Risk Mitigation Drives Breach Prevention Costs

Opinion
Mar 13, 20096 mins
Business ContinuityData and Information Security

What do you tell your CIO or CEO when you try to get additional—or any—breach control dollars into the IS budget?  How do you position these controls to demonstrate business value?  If you aren’t talking in terms of business risk, you might be pounding harder on the table than necessary.

Most seasoned security professionals know there is no way to completely protect a network and sensitive information from a highly motivated attacker.  Rather, the goal is to reduce the risk of an attack. 

What is risk?

Risk is represented in various ways.  The one I prefer is Risk = Probability of Occurrence * Business Impact.  In simple terms, probability of occurrence (PO) is an estimate of the probability of a successful attack against a specific target, typically expressed in terms of annual occurrence.  I say specific target because PO varies from system to system or between data types.  Business impact (BI) is the damage done to the business if an attack is successful.

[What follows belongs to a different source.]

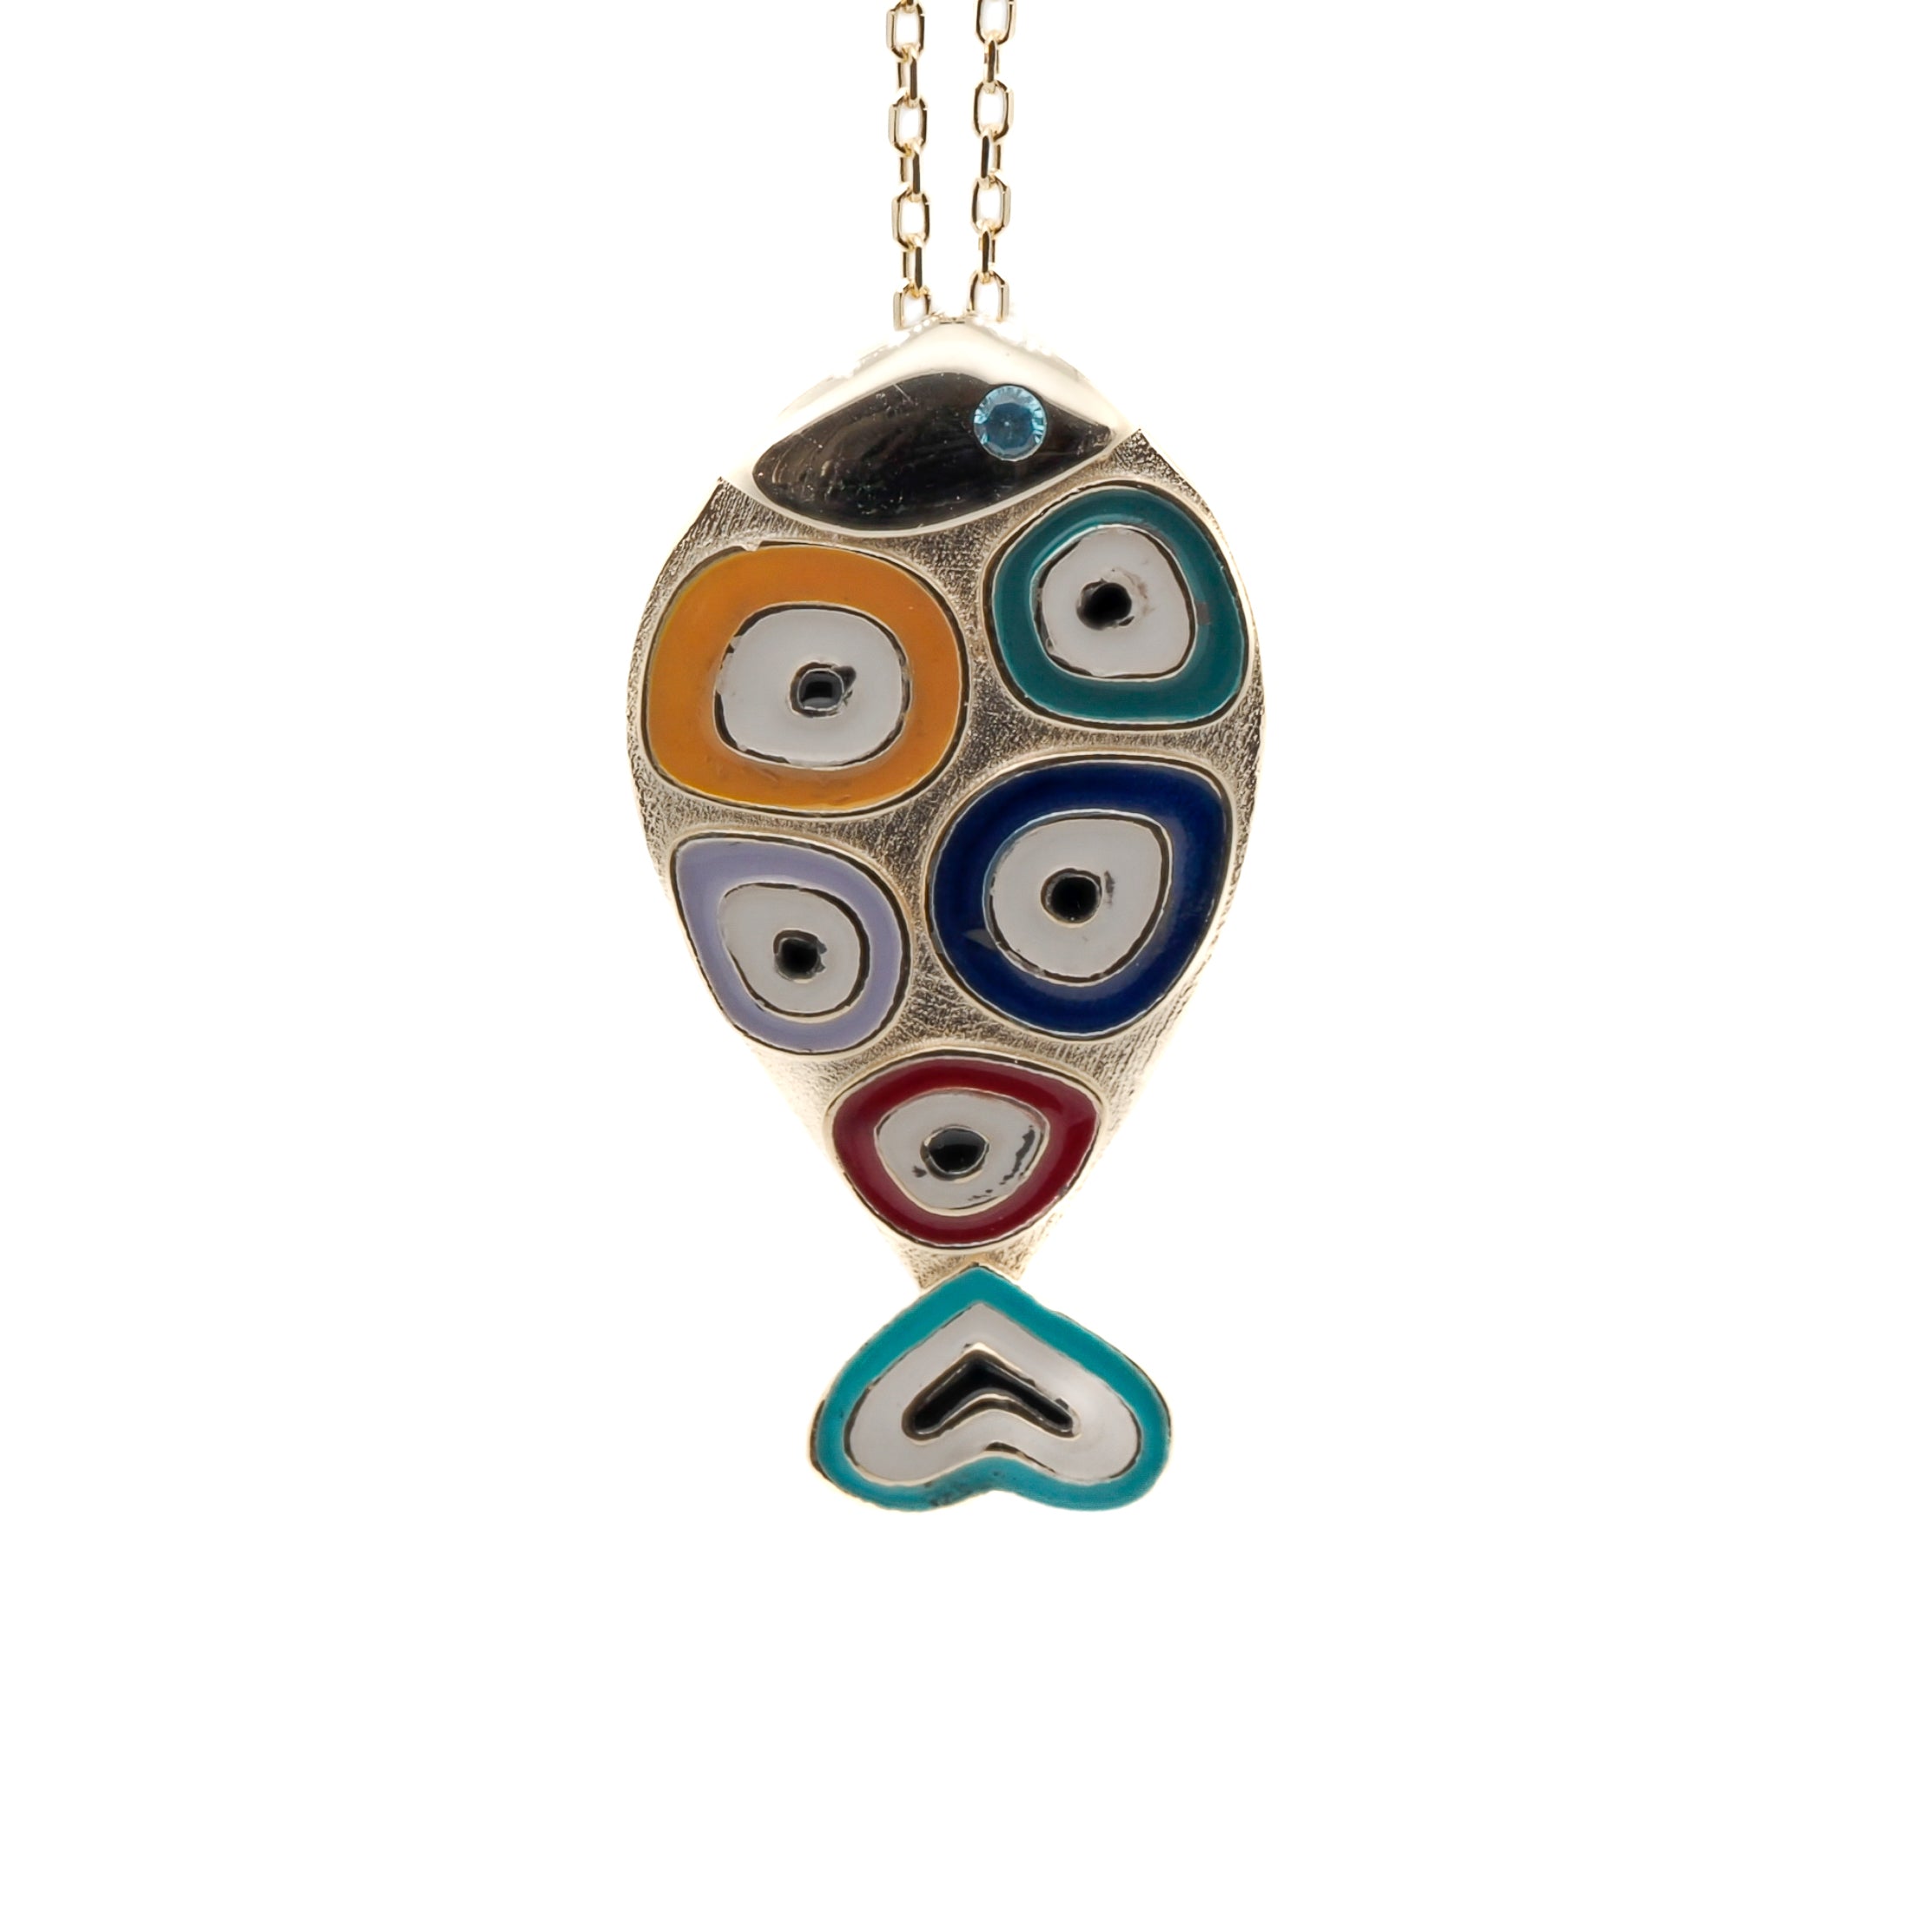 Gold and Enamel Evil Eye Fish Necklace - Handmade 925 Sterling silver on 18K gold plated necklace with a colorful enamel pendant featuring a fish and intricate evil eye designs.
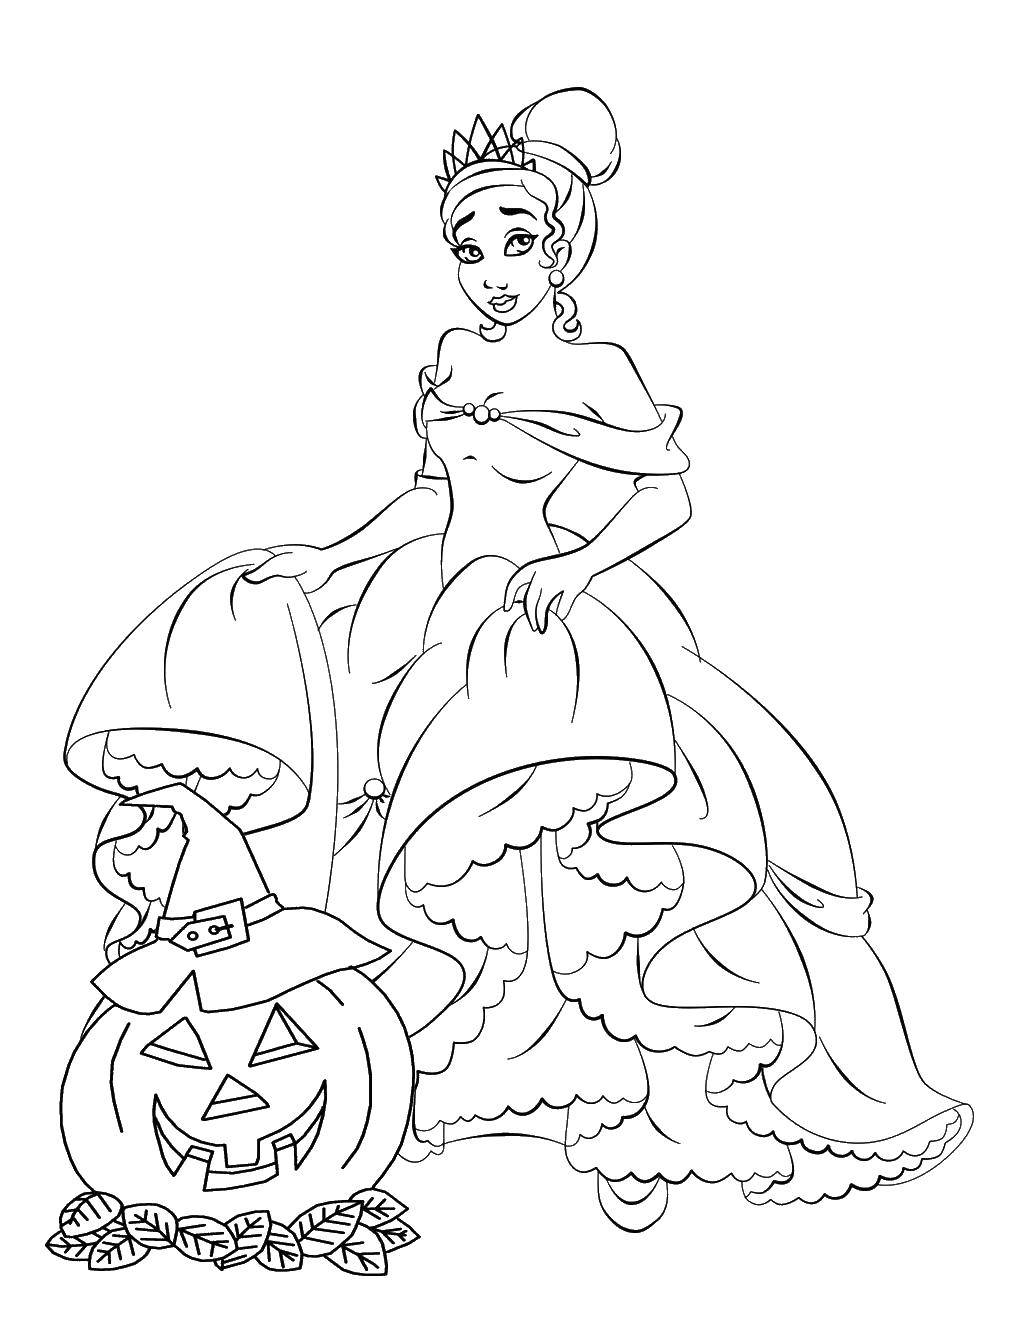 Coloring The Princess and the pumpkin. Category Halloween. Tags:  Halloween, pumpkin, Princess, dress.

There are two approaches to plugging values into the PO and BI: quantitative and qualitative.  Using the quantitative approach, an analyst uses actual statistics and dollar values.  For example, probability of occurrence might be calculated by the number of successful attacks against similar systems or data across the industry in which the organization operates.  So if the average number of successful attacks against a business in the target industry over the past 10 years is 5, the PO might be calculated as .5 (annual probability). 

The qualitative approach relies on experience of stakeholders and the analyst to arrive at estimated values.  Qualitative risk scores are easier to calculate since actual statistics or dollar values associated with an attack don’t have to be available—and usually aren’t.  Further, they tend to give additional weight to attacker motivation and capabilities.  So the rest of this article focuses on qualitative risk assessment.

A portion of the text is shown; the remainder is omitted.